The court battle, however, is aimed only at a small group of federal judges, and the for-profit college industry is always prepared to spend your tax dollars to hire the very best, most expensive legal advocates. The for-profit colleges suing this time are represented by the mega-law firm Skadden Arps, and the lead counsel is Cliff Sloan, who served in key positions in Democratic administrations and was an Iran-contra prosecutor. (He also worked at a division of the Washington Post Company while a separate part of the company ran the predatory Kaplan for-profit college chain.) Sloan hasn’t yet responded to my email seeking comment, although I admit my message was not terribly sympathetic.
UPDATE 06-02-17: Today CAPPS filed a motion for a preliminary injunction, asking U.S. District Judge Randolph Moss to block the borrower defense rule pending a final decision in the case. The CAPPS brief focuses on the rule's provision relating barring federally-supported schools from forcing students to resolve all disputes through arbitration, claiming this provision "will lead to immediate chaos and disruption if it goes into effect on July 1, 2017" and "will immediately and irreparably harm CAPPS schools." The brief offers the misleading assertion that for-profit colleges "have established a record of successful efforts to help" low-income and "minority" students.

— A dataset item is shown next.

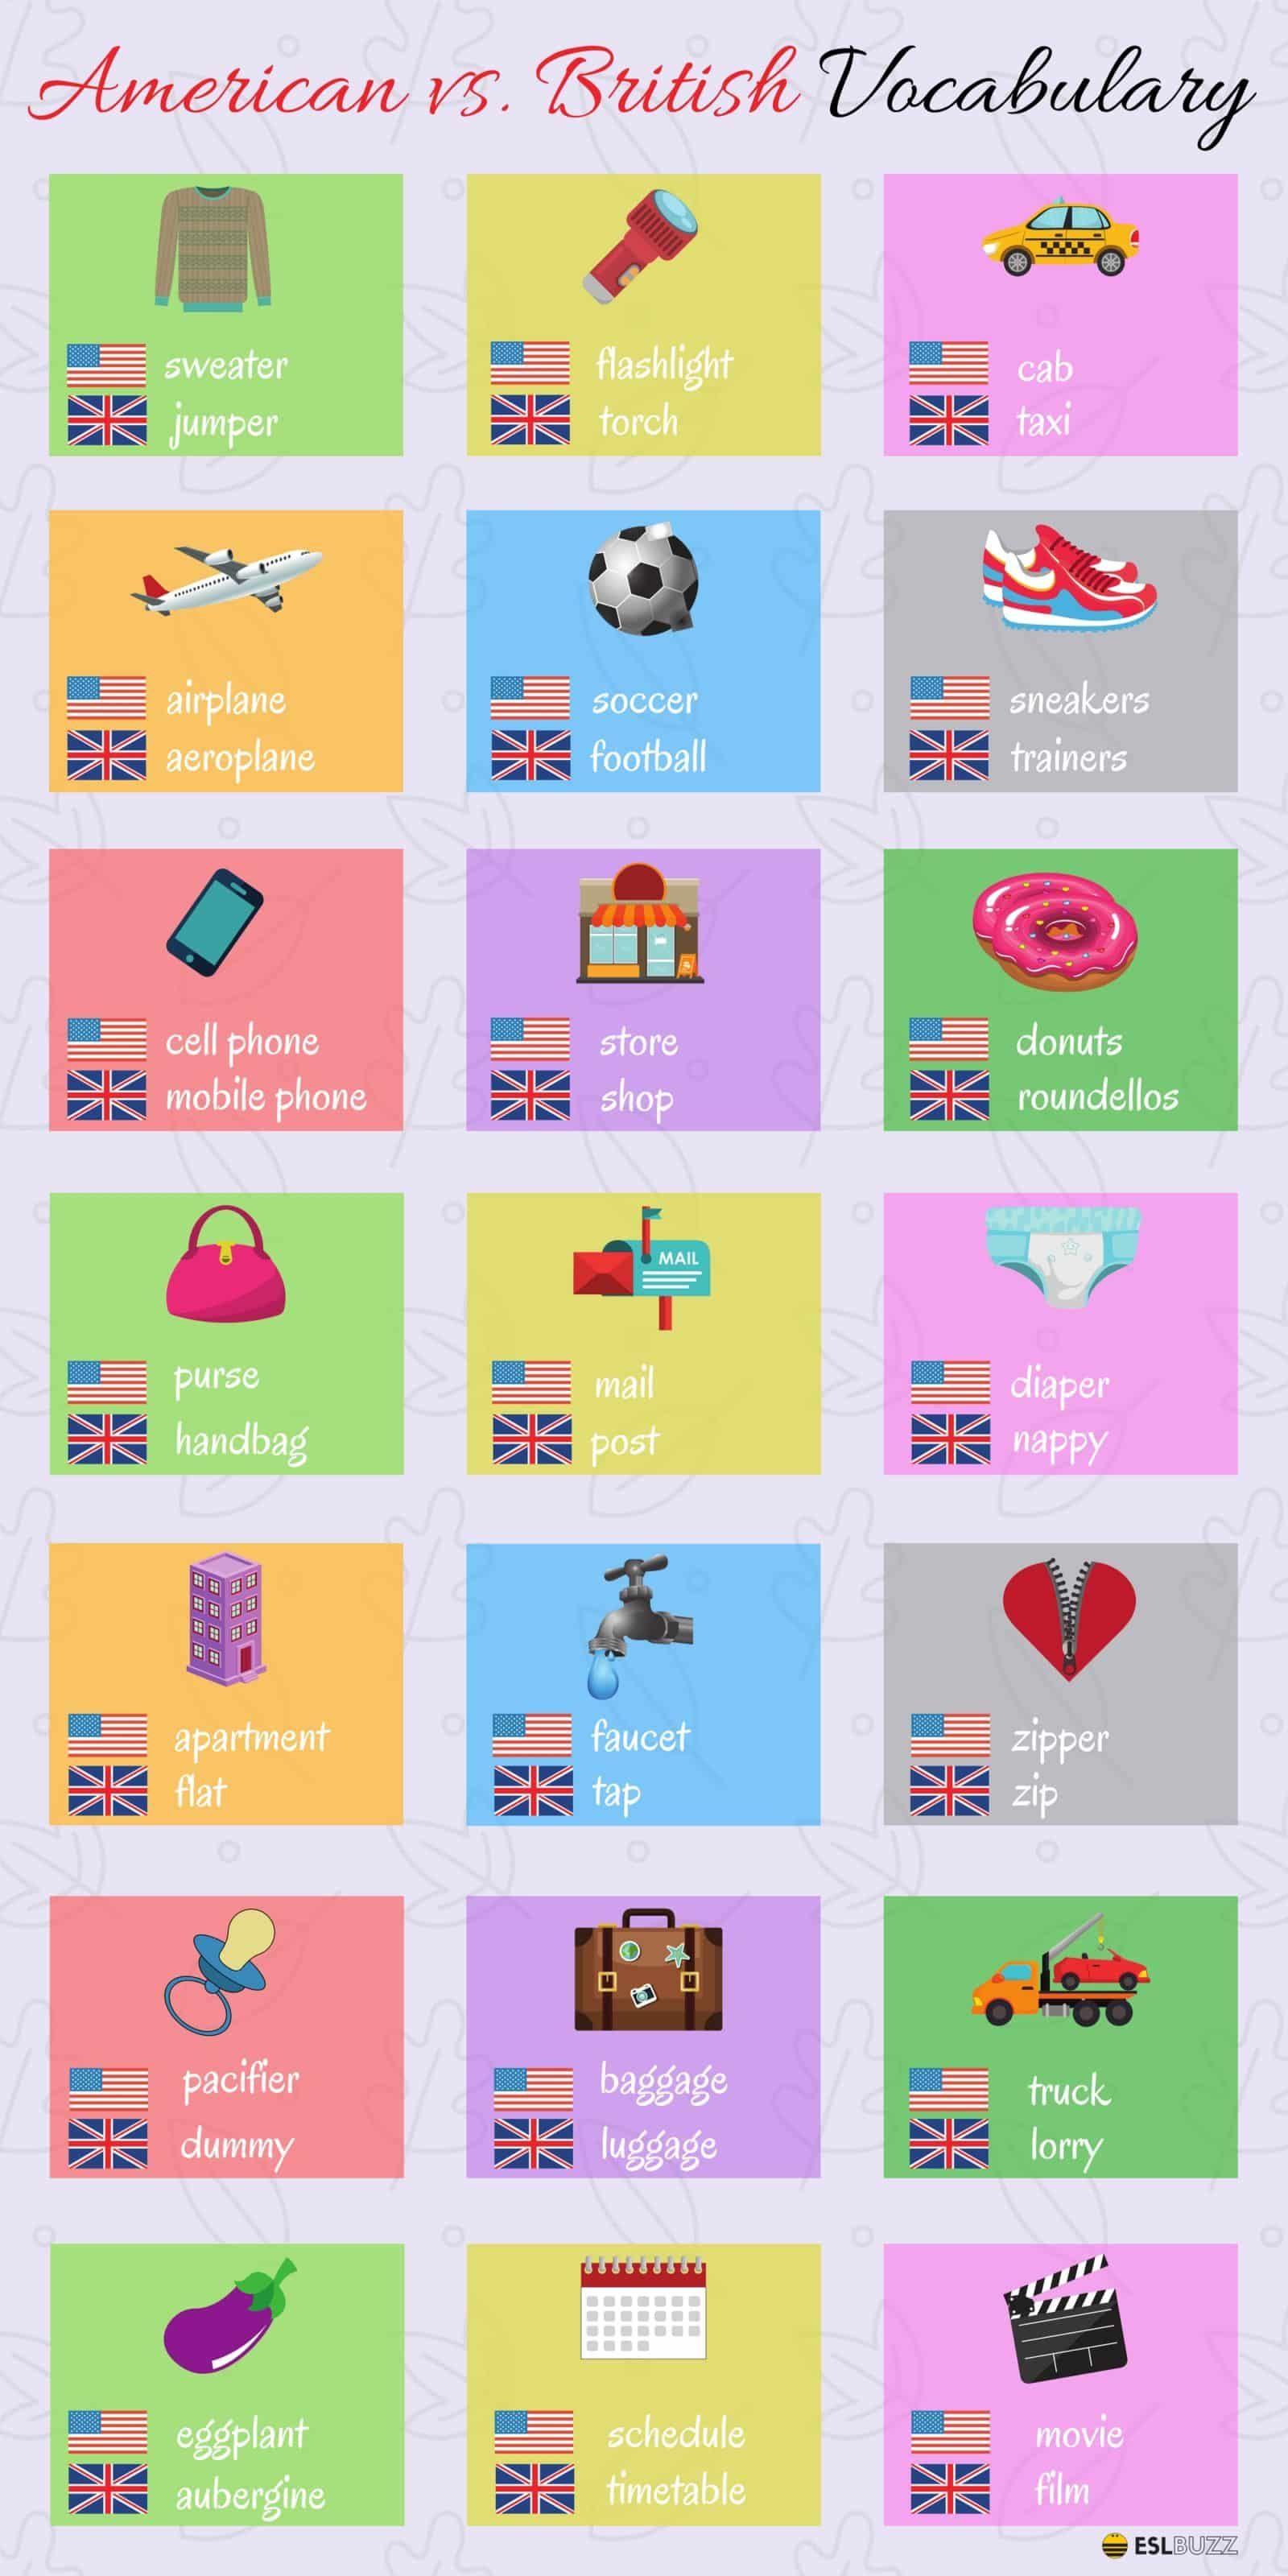 90 Differences Between British And American Words In English Eslbuzz Learning English Pelajaran Bahasa Inggris Kosakata Bahasa Inggris Tata Bahasa Inggris

UPDATE 06-06-17: At a scheduling conference today, a bad sign: a lawyer for the Justice Department told Judge Moss that the Department of Eduction is "studying its options with regard to the effective date" of the borrower defense rule and could decide to delay it. The judge said he wanted to rule by July 1 and asked the government if it could make a decision as soon as possible to avoid wasting the court's time. The Justice lawyer responded that "it's fair to say the [education] department is aware" of the issue. The court set a schedule for the parties to file additional briefs on the preliminary injunction motion, and tentatively scheduled an oral argument for June 21, but the Trump administration, unfortunately for students and taxpayers, may have set the stage for cancelling the rule.
UPDATE 06-13-17: The attorneys general of eight states and the District of Columbia today filed a motion to intervene in the case in order to argue that the court should uphold the borrower defense rule. The AGs argue that statements made publicly by DeVos and by her lawyers in court expressing the view that the rule needs "studying" call into question whether the government will adequately defend the lawsuit.